Scalability
In primary care settings and emergency units, there is often a lack of trained specialists to interpret complex ECGs and make rapid diagnosis.87 Even the combined accuracy of practitioners in these settings with current computer interpretations for AF diagnosis remains insufficient.29 This need is even greater in less developed countries which contribute about 75% to the overall cardiovascular mortality.7 As discussed previously, automated AI-ECG interpretation could enable expert level diagnoses and streamline clinical workflow in these settings.

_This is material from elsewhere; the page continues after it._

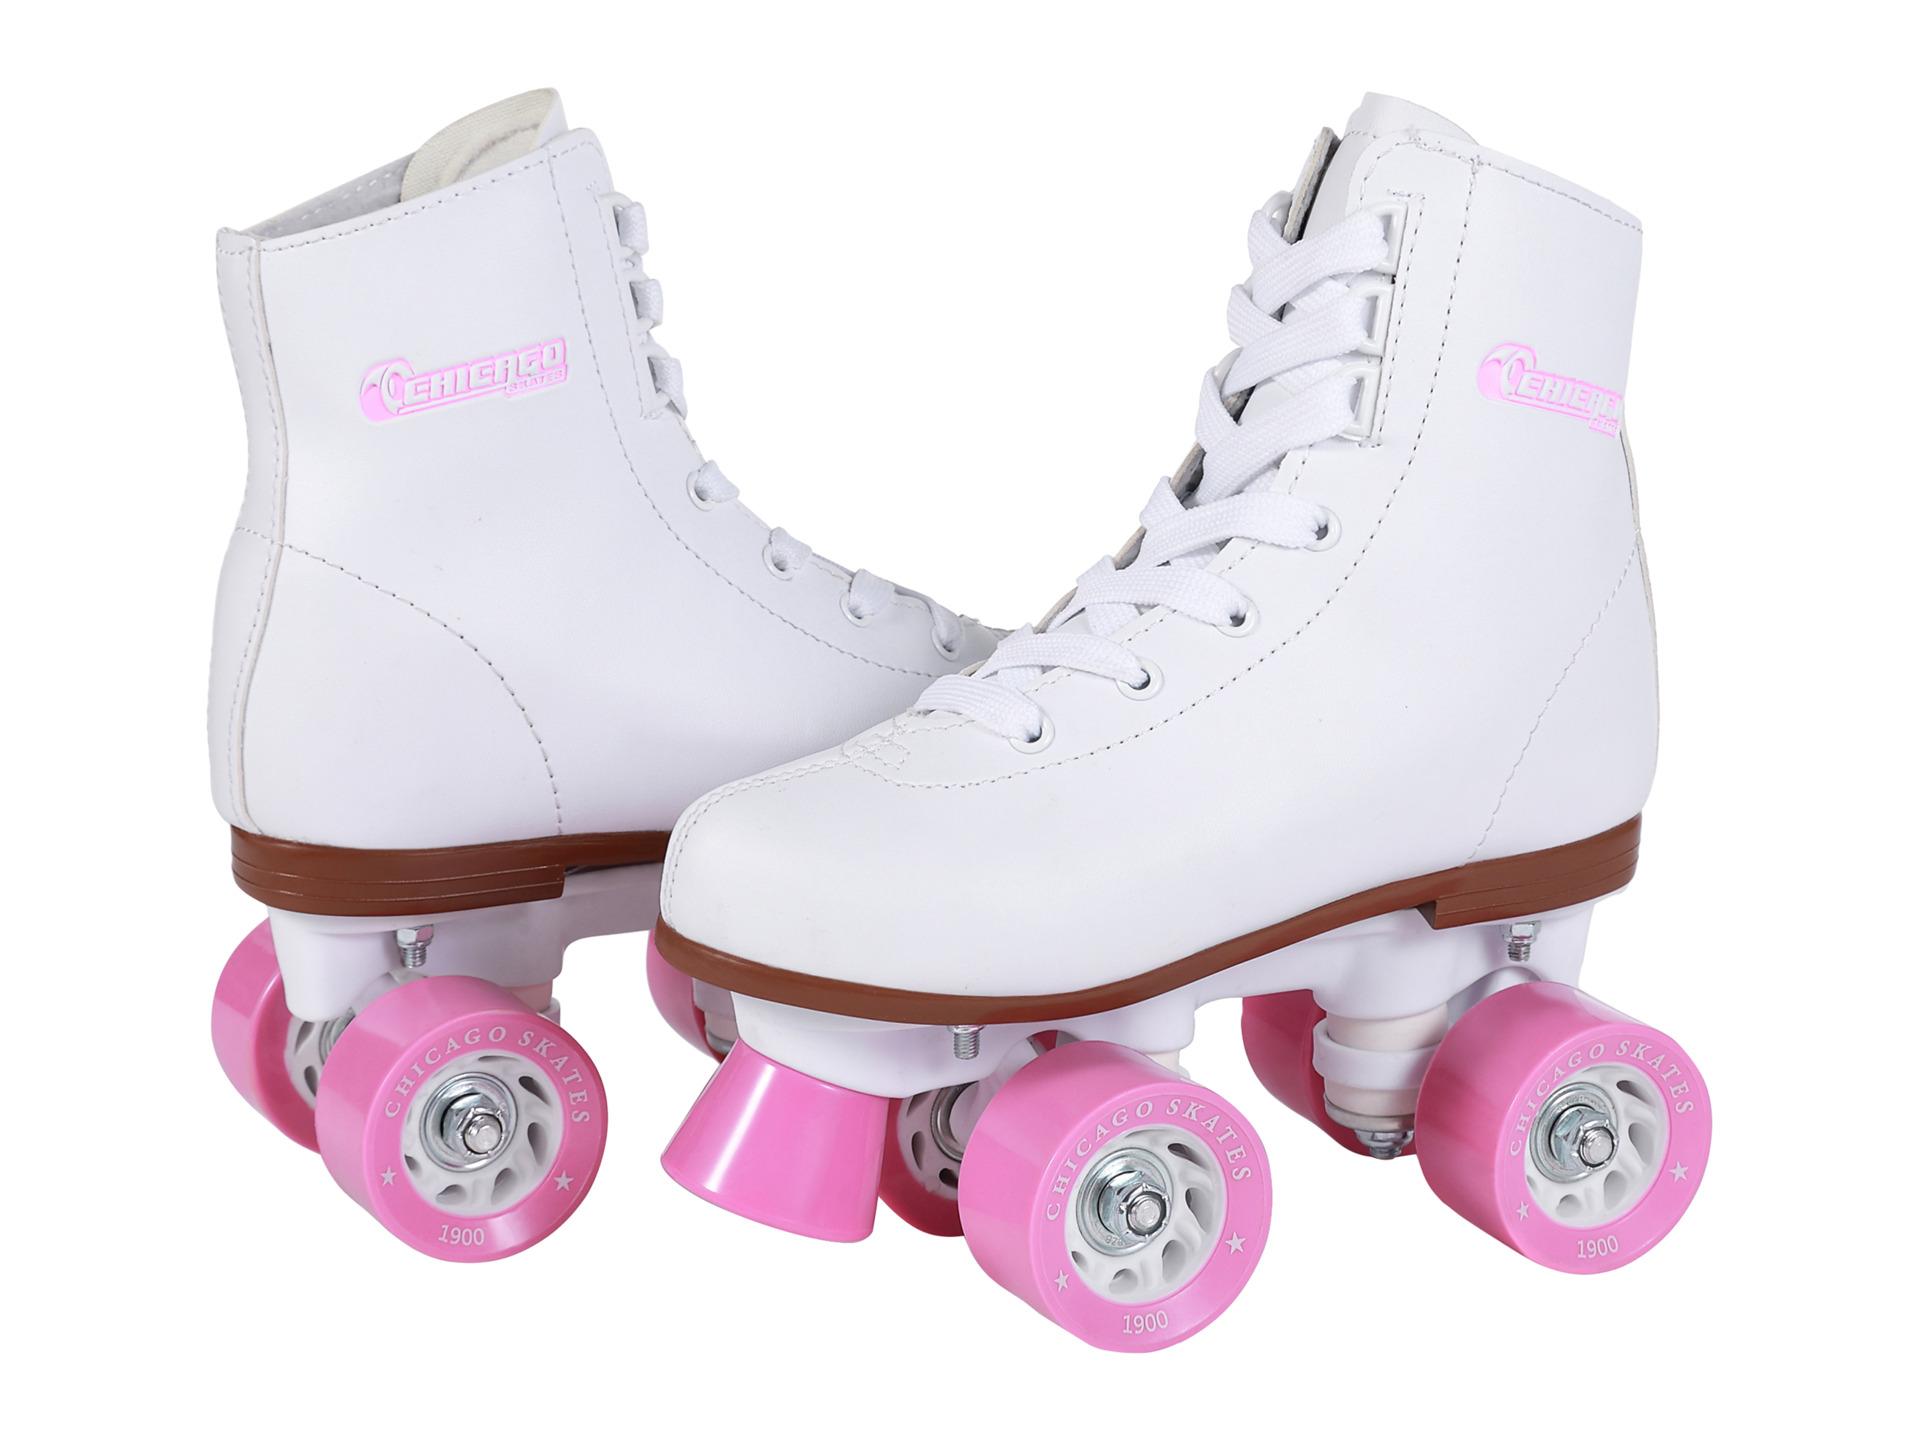 preschool skates chicago skates youth rink skate toddler kid big 560
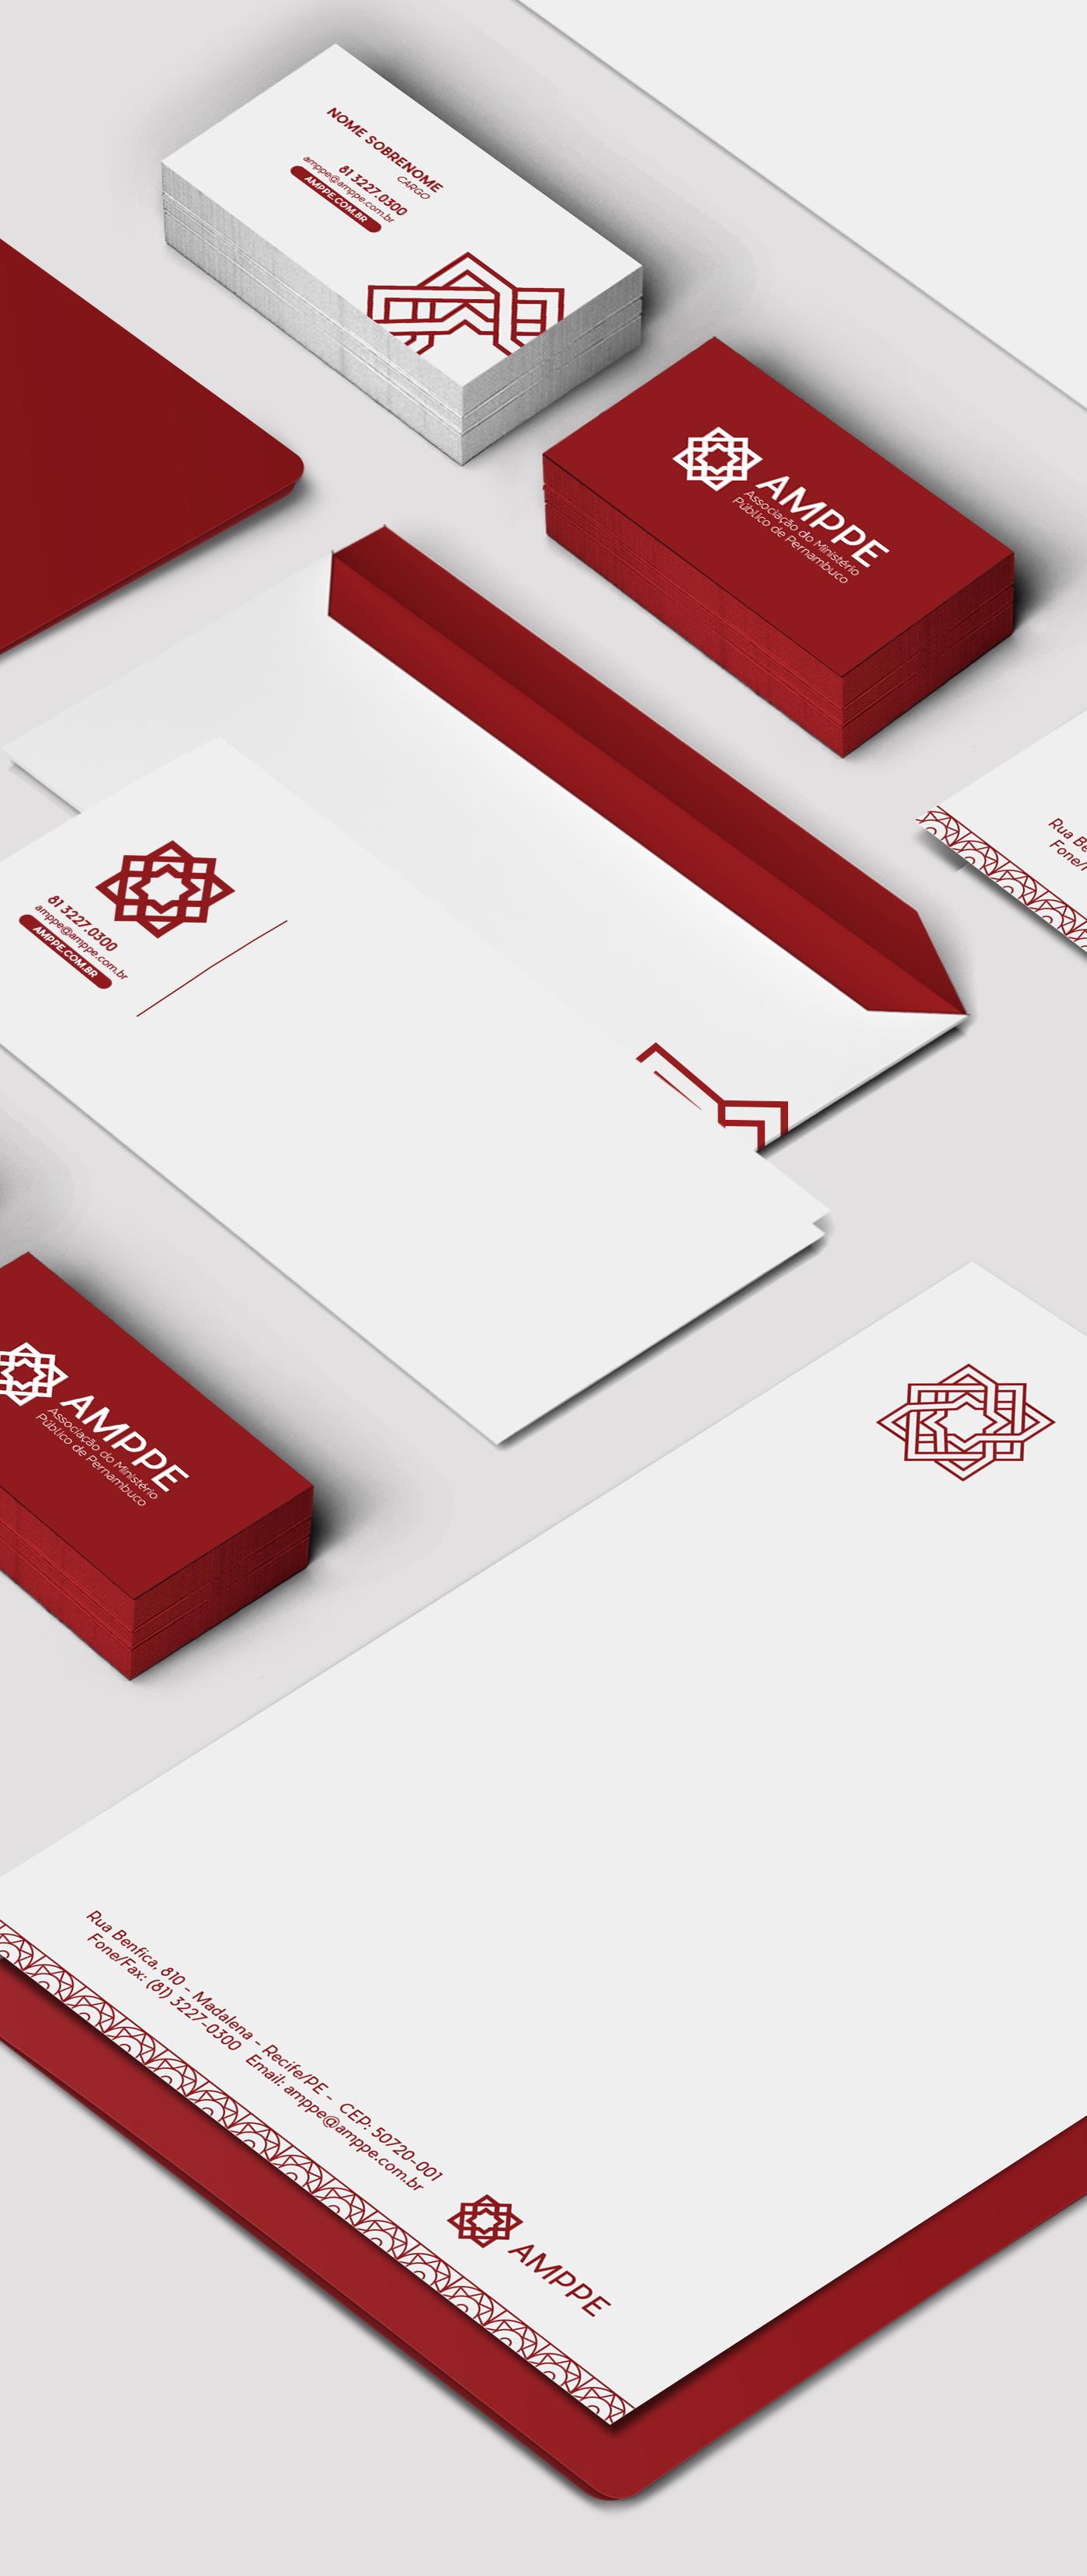 brand Logotype pernambuco recife stationary red Association logo visual identity

A network once trained can be fine-tuned to widespread applications and smart devices. For instance, we have shown the application of an algorithm trained using 12 lead ECG to detect serum potassium levels and applied it to a single lead ECG recorded using a smartphone.88
To bring these tools to the point-of-care we have incorporated AI-ECG tools into the electronic health record as an ‘AI-ECG Dashboard’.8 With the click of a button, clinicians can have all the ECGs available for that patient analyzed with AI-ECG probability outputs for various diagnoses. A major advantage of incorporating AI-ECG algorithms into practice is their ability to keep learning indefinitely as more information is added. This essentially creates a self-improving healthcare system.36
The application of DNN models to long duration signals like 24-hour Holter monitor data to detect paroxysmal AF has shown good preliminary results.79 This has broad applications for development of a new generation of real-time analytical tools to detect AF from the growing number of ambulatory monitoring devices.